OMG. OMG. OMFG.

GenderAnalyzer: Girls Who’re Boys Who Like Boys To Be Girls

I had a thing with a guy on the internet when I was in college. We exchanged e-mails for a while; I knew he was into me. I knew it even though he constantly worried that I was a bored 40-something mid-western dude toying with his emoticons.

He’s never given me any reason as to why he thought I was a man.

Neither did the GenderAnalyzer when I plugged in my blog to analyze my gender.

Curious to see how they’d arrived at this conclusion, I contacted the team at GenderAnalyzer and asked. Jon Kågström, the brains behind the operation, wrote me back to fill me in on the details of this wondrous machine:

It all started back in 2004 when I was doing my master thesis on machine learning for spam filtering. I was fascinated by how well they worked on spam (often better than humans) and started to wonder what more than spam text classifiers could be used for. I did a big number of hobby research projects testing classifiers on different domains (e.g., sentiment, happy/sad, web page categorization).

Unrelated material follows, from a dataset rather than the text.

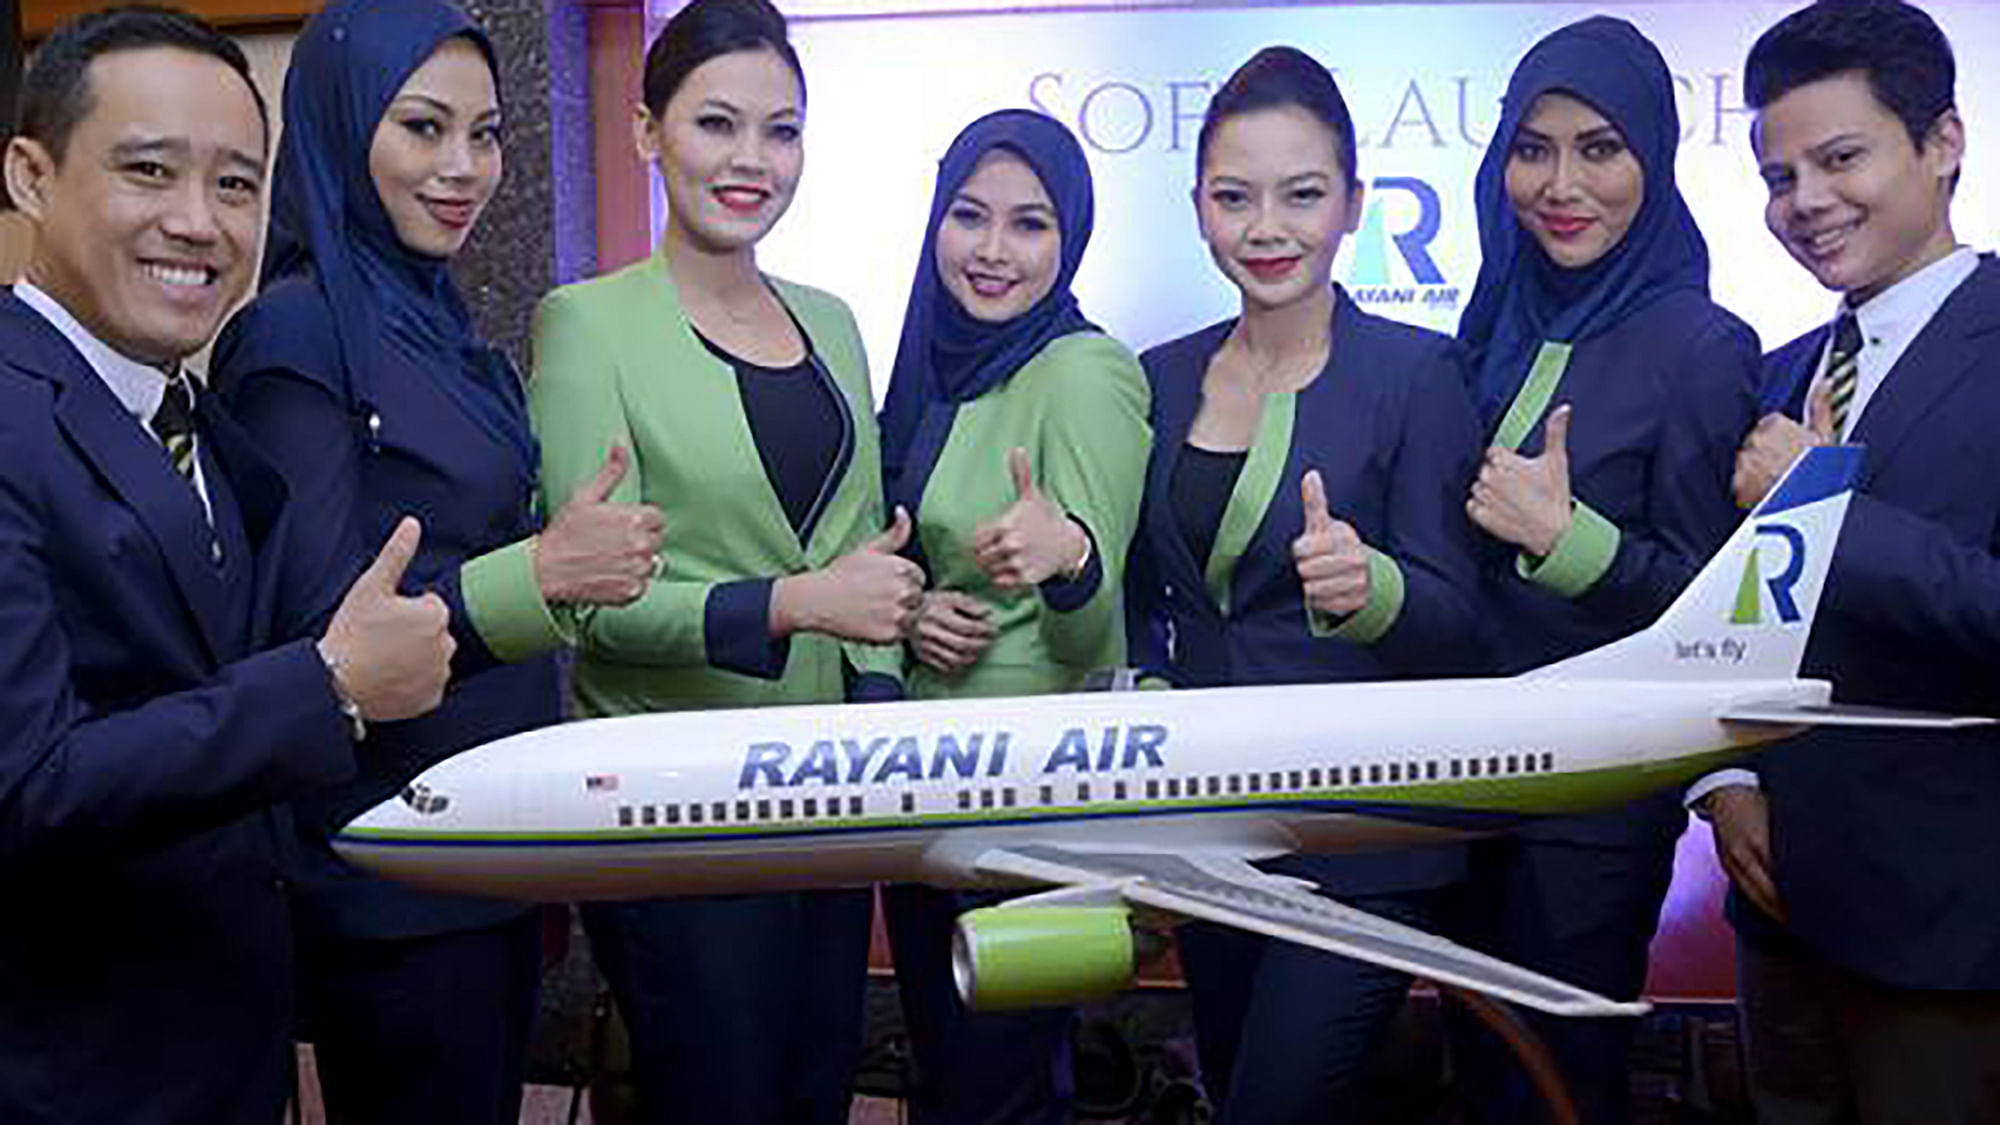 Rayani Air crew poses at the launch. (Photo: <a href="https://twitter.com/501Awani/status/678134800582967296">Twitter</a>)
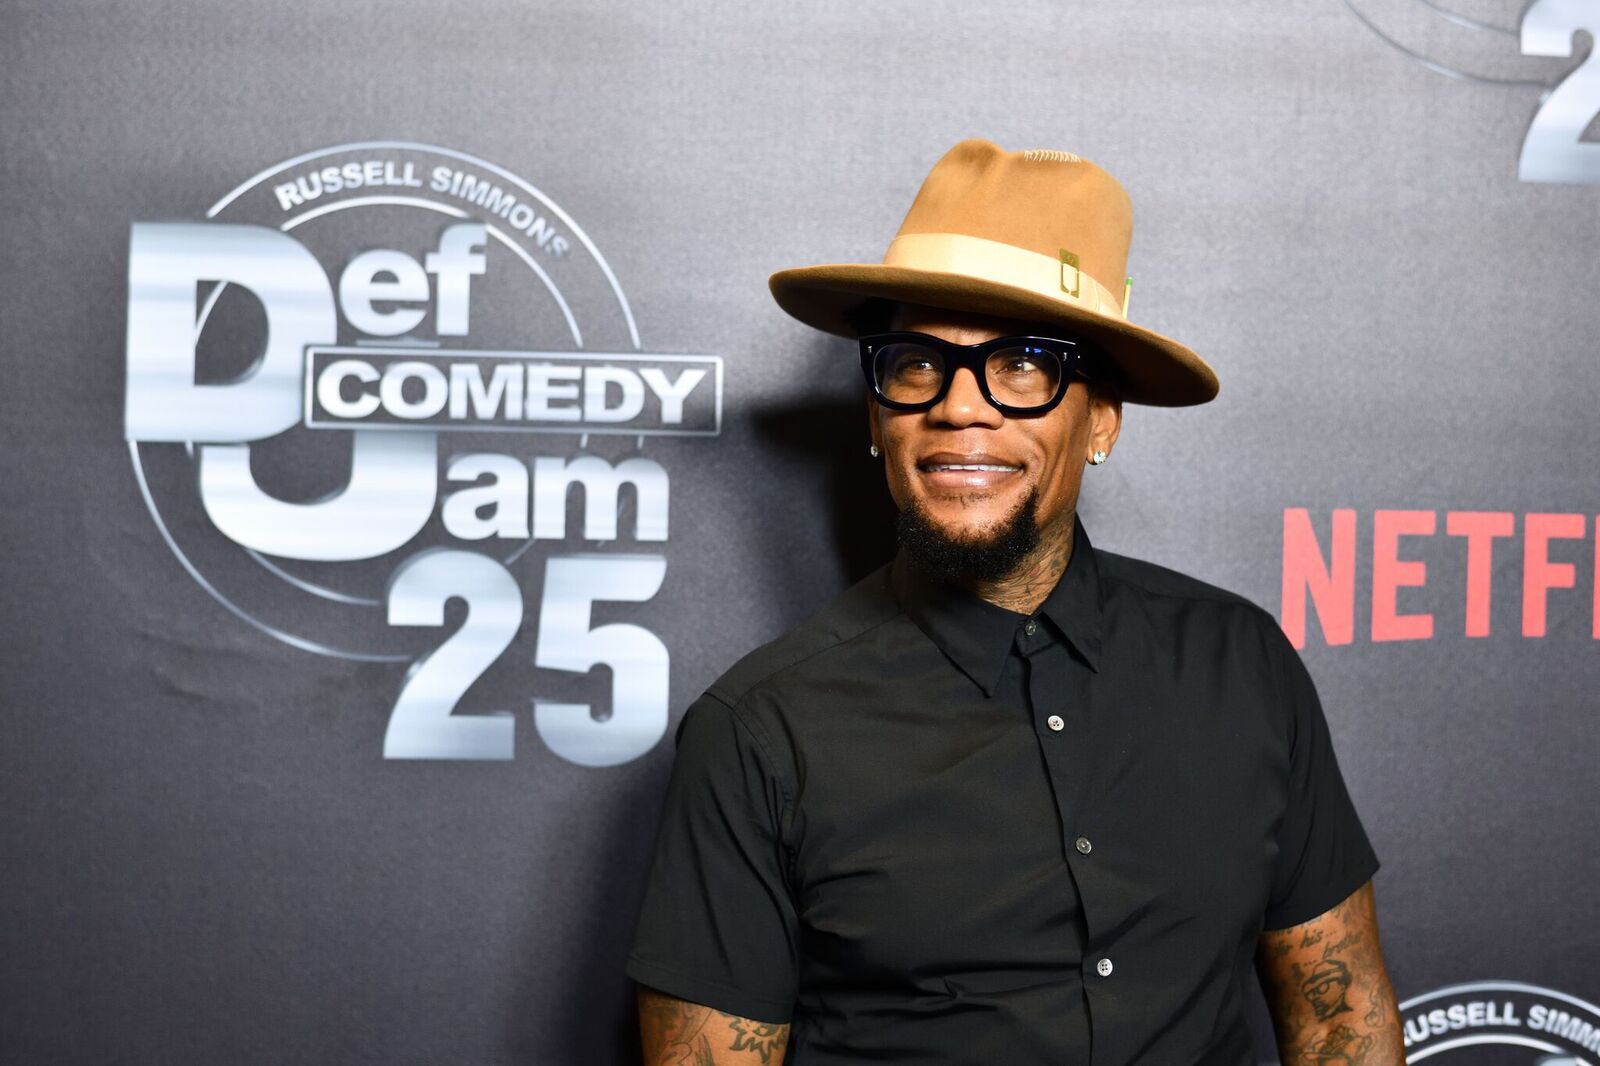  D.L. Hughley at "Def Comedy Jam 25" in Beverly Hills in 2017. | Photo: Getty Images

Doing this while improving the classifier technology derived from my master thesis, I came up with the idea to let everyone have access to classifiers. So with help from two friends, Roger Karlsson and Emil Kågström, we built uclassify.com. The idea is to share advanced classifier technology that is easy to use (don’t even have to be a programmer) for free in a Web 2.0 format.

After we had finished with uclassify.com we decided to test if it’s possible to have a computer differentiate between males and females by looking at their text. We found the idea really interesting so we collected 2,000 blogs written by males and females and used the uClassify API to train a classifier. We decided to put it into test and created GenderAnalyzer.

The accuracy is lower than we expected and we believe a major reason for that is that the training data is biased (only collected from blogspot). We think we can get better accuracy by using the URLs that users test as training data (when they vote if it worked or not, we train it accordingly). In this way we would have a classifier that adapts to real world gender data. Just as machine learning spam filters do.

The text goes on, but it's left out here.